Where to find it for one thing? Growth in the Chicago hinterland is currently following the anti-model for combating GW. Worse, I do not see how anything is going to alter the current pattern for years to come. Folks will still demand their American Dream and it is all very well for some chap who has already attained it to tell others to ditch theirs for the sake of the planet. Does dear Al travel by public transport you suppose? Trouble is, these days the Dream seems to involve new construction (as proof it’s just theirs I suppose), echoing volumes of useless empty space sold under the guise of “cathedral” ceilings, set in some recently ploughed field out near Plainfield, Yorkville or points west in order for it to be affordable. Public transportation is perhaps the lowest point on the totem pole of priorities for governments and individuals alike. Most new communities have absolutely none at all, thus enslaving their denizens to tiresomely long drives.

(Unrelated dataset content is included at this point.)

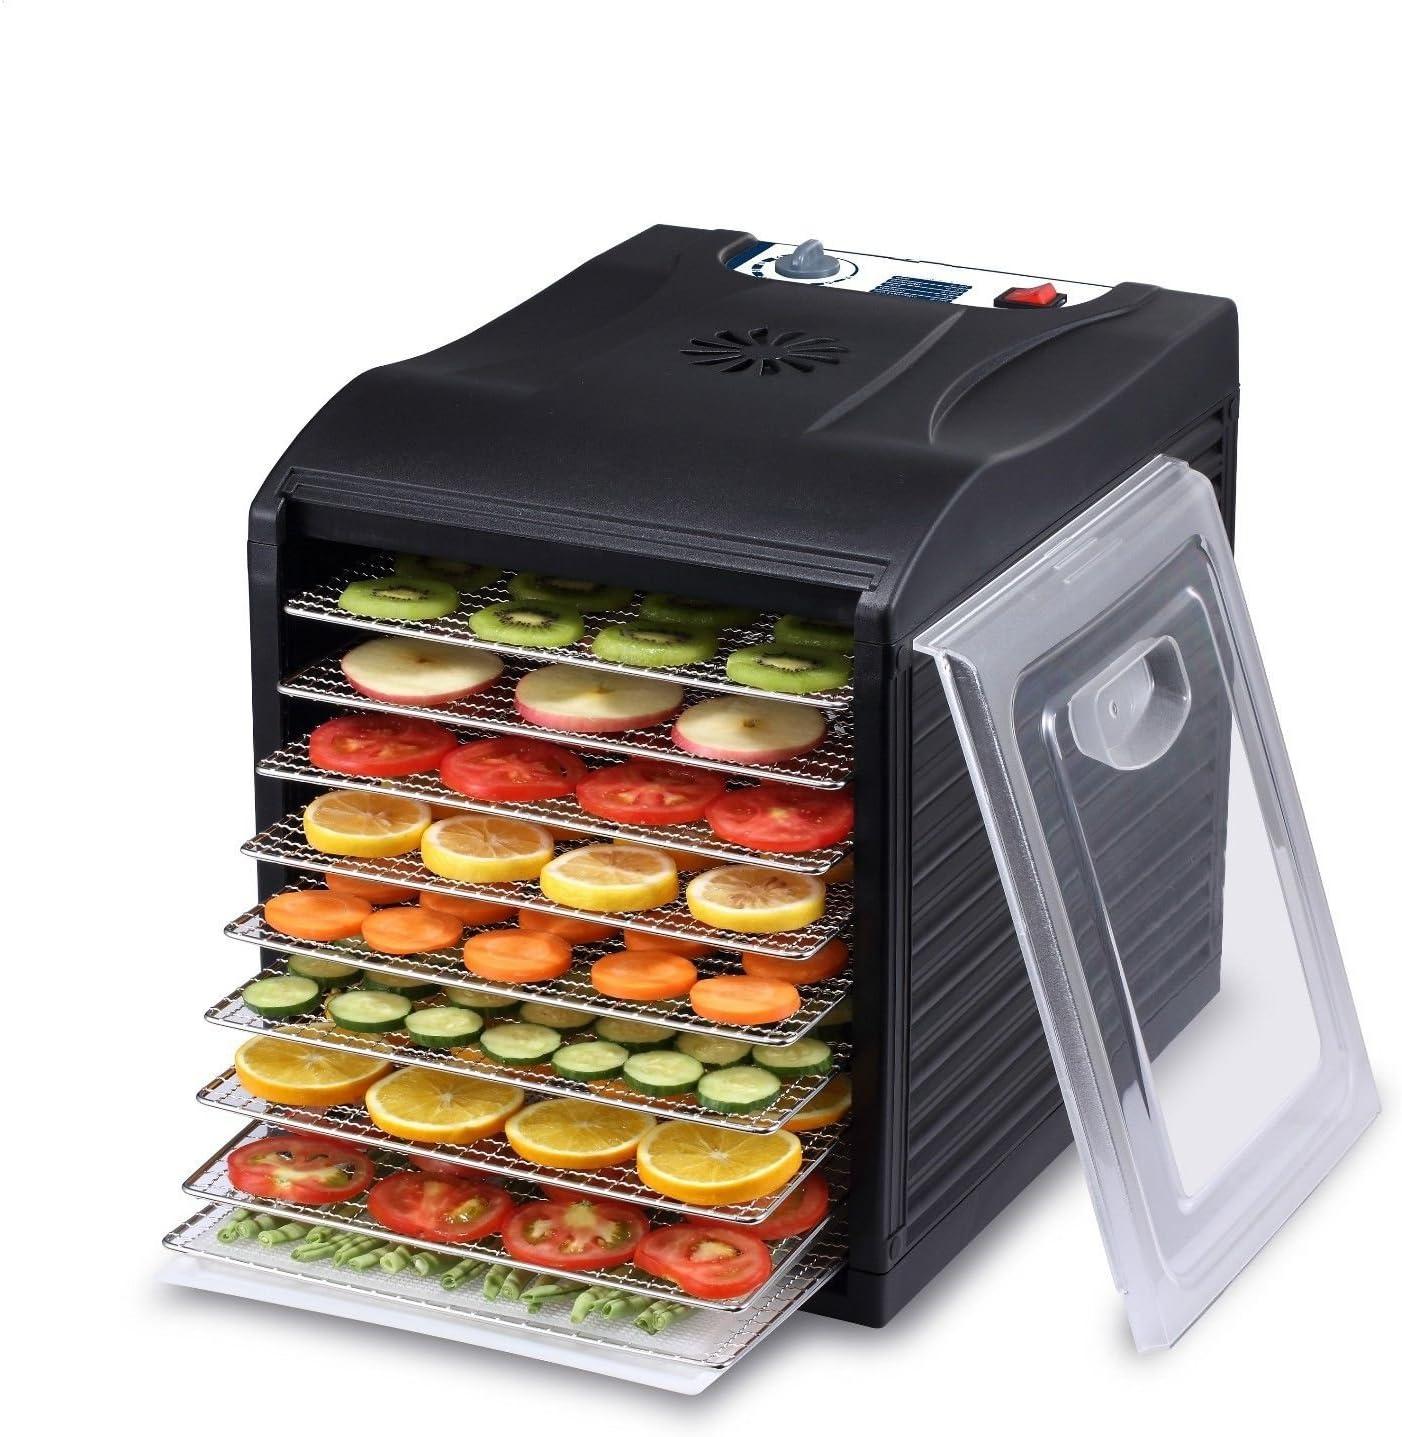 813nW OcSZL. AC SL1500 5 Best Food Dehydrator UK (Beef Jerky, Fruits, Herbs)

Nationally, the current occupant does not deem Amtrak worthy of a single cent for its operations. Locally, even the gay little blue 714 Pace bus, launched with such fanfare a few months to serve better the college population, is running on fumes. What chance any other public transport initiative if a college population of some 30,000, presumably in the lower echelons of the income bracket unless I underestimate the ergonomics of the student body, cannot support a bus in its busiest corridor?

The public and governmental antipathy towards public transportation is more ingrained than a few worries about curbing carbon dioxide are going to alter. Why is it that I can alight in a country like Germany, scarcely knowing enough of the lingo to satiate my needs for public lavatories, and find my way on a variety of trains and buses to obtain my destination in the middle of the night, while I am unable to summon up sufficient courage to board a CTA bus and attempt to purchase a ticket? I harbour a secret desire that Daley’s bloated egomaniacal fantasy of hosting the Olympics is realized just so the rest of the world can appreciate the full horror of a CTA journey.